PlamenDoychev edited this page Apr 20, 2018 · 12 revisions

There are two metric types in Abacus:

  • discrete, also known as stateless, "historical" and "log-like"
  • time-based, also known as stateful

Below you can find the characteristics of the two metric types in Abacus:

Discrete

These metrics are stateless. The usage records are submitted in a log-like manner to Abacus. When you request an aggregated result from Abacus, it goes through the history of events and performs calculations, based on the defined formulas. Discrete metrics are usually quite simple and deal with simple numbers in both measures and metrics.

Sample Discrete Metric

{
        name: 'storage',
        unit: 'GIGABYTE',
        type: 'discrete',
        meter: ((m) => new BigNumber(m.storage).div(1073741824).toNumber()),
        aggregate: ((a, prev, curr, aggTwCell, accTwCell) => new BigNumber(a || 0).add(curr).toNumber())
}

In this example, the storage value is converted from Bytes to Gigabyte by division. Then, when the end time of the current measure is between the “from” and “to” timestamps, the accumulate function returns the maximum amount of memory that has been used so far. In this case, “to” is the time until which the resource usage must be accumulated. Currently Abacus predefines the “from” and “to” times to refer to the start and end of a month. Although the dimension of the measures is predefined to contain “name” and “unit” only, they are sufficient to meter any kind of resource usage. In addition, the accumulate and aggregate functions can be used to perform different kinds of calculations.

Time-Based

Time-based metrics are stateful. Abacus stores the state of the resource instance and uses it to calculate the result on request.

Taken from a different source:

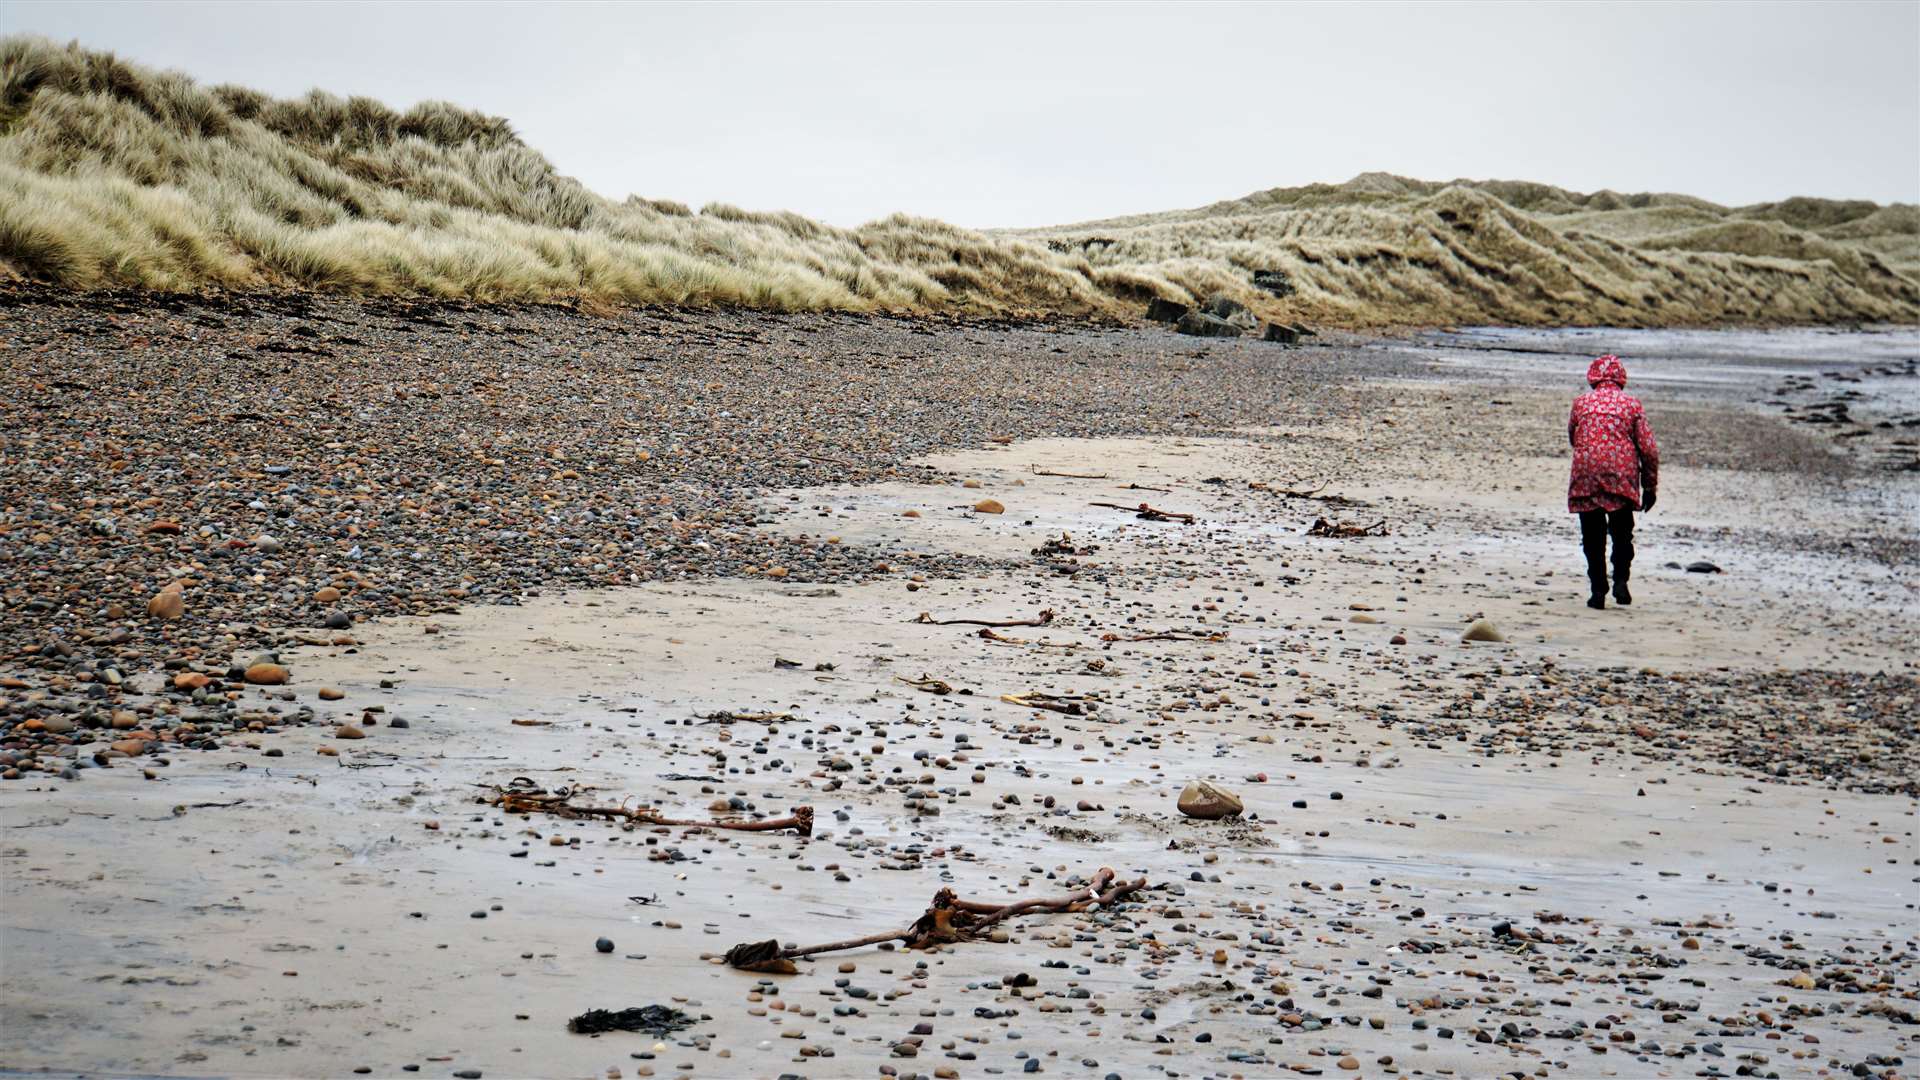 Dune restoration work has been undertaken at Dunnet beach. Picture: DGS

The linux-container plan contains the gigabytes per hour. The usage is ongoing and grows over time.

It is important to note that time-based metrics often use compound data structures to keep track of the usage. For example, you submit the previous and the current measures of the container resource to calculate the GB/h usage.

Sample Time-Based Metric

The example basic linux container metering plan is a time-based plan. It measures memory consumption over time.

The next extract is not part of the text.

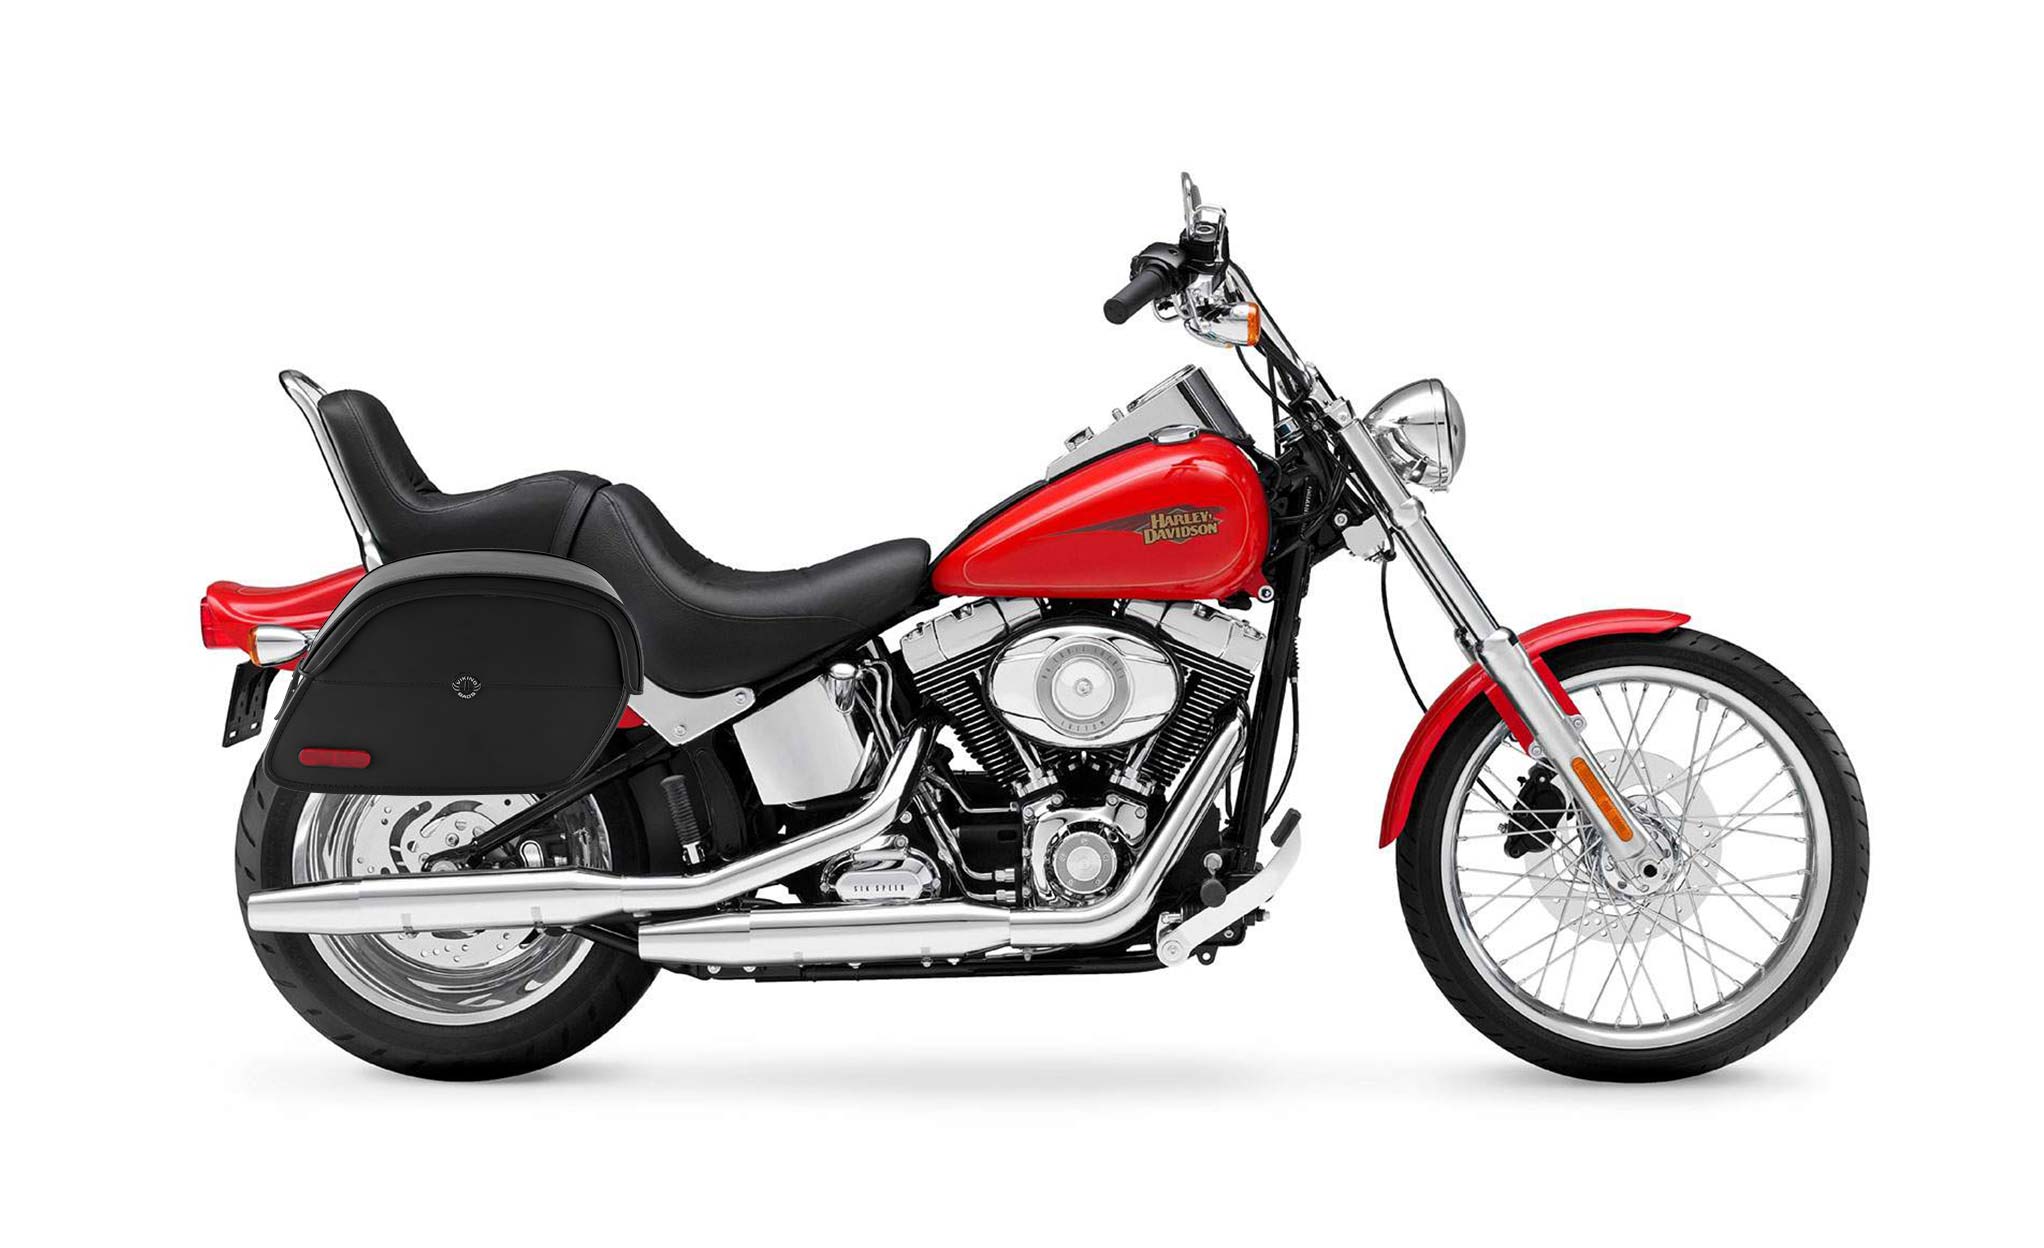 Viking California Large Leather Motorcycle Saddlebags For Harley Davidson Softail Custom Fxstc on Bike Photo @expand

To start application A with an instance of 1 GB, a Resource Provider submits these measures:

current_running_instances: 1,
current_instance_memory: 1073741824,
previous_running_instances: 0,
previous_instance_memory: 0

To update application A with 1 instance of 1 GB to 2 instances of 2 GB, a Resource Provider submits measures:

current_running_instances: 2,
current_instance_memory: 2147483648,
previous_running_instances: 1,
previous_instance_memory: 1073741824

To stop application A, a Resource Provider submits the following measures:

current_running_instances: 0,
current_instance_memory: 0,
previous_running_instances: 2,
previous_instance_memory: 2147483648

The algorithm works like this:

  • When the application had consumed memory in the past before it was stopped (or will consume in the future after it is started), it would add negative consumption
  • When the application had not consumed memory in the past before it was started (or will not consume in the future after it is stopped), it would add positive consumption

The plan works with out-of-order data submission and guarantees correctness, given there is no missing usage submission. This basically means that the previous usage has to be submitted together with the current one.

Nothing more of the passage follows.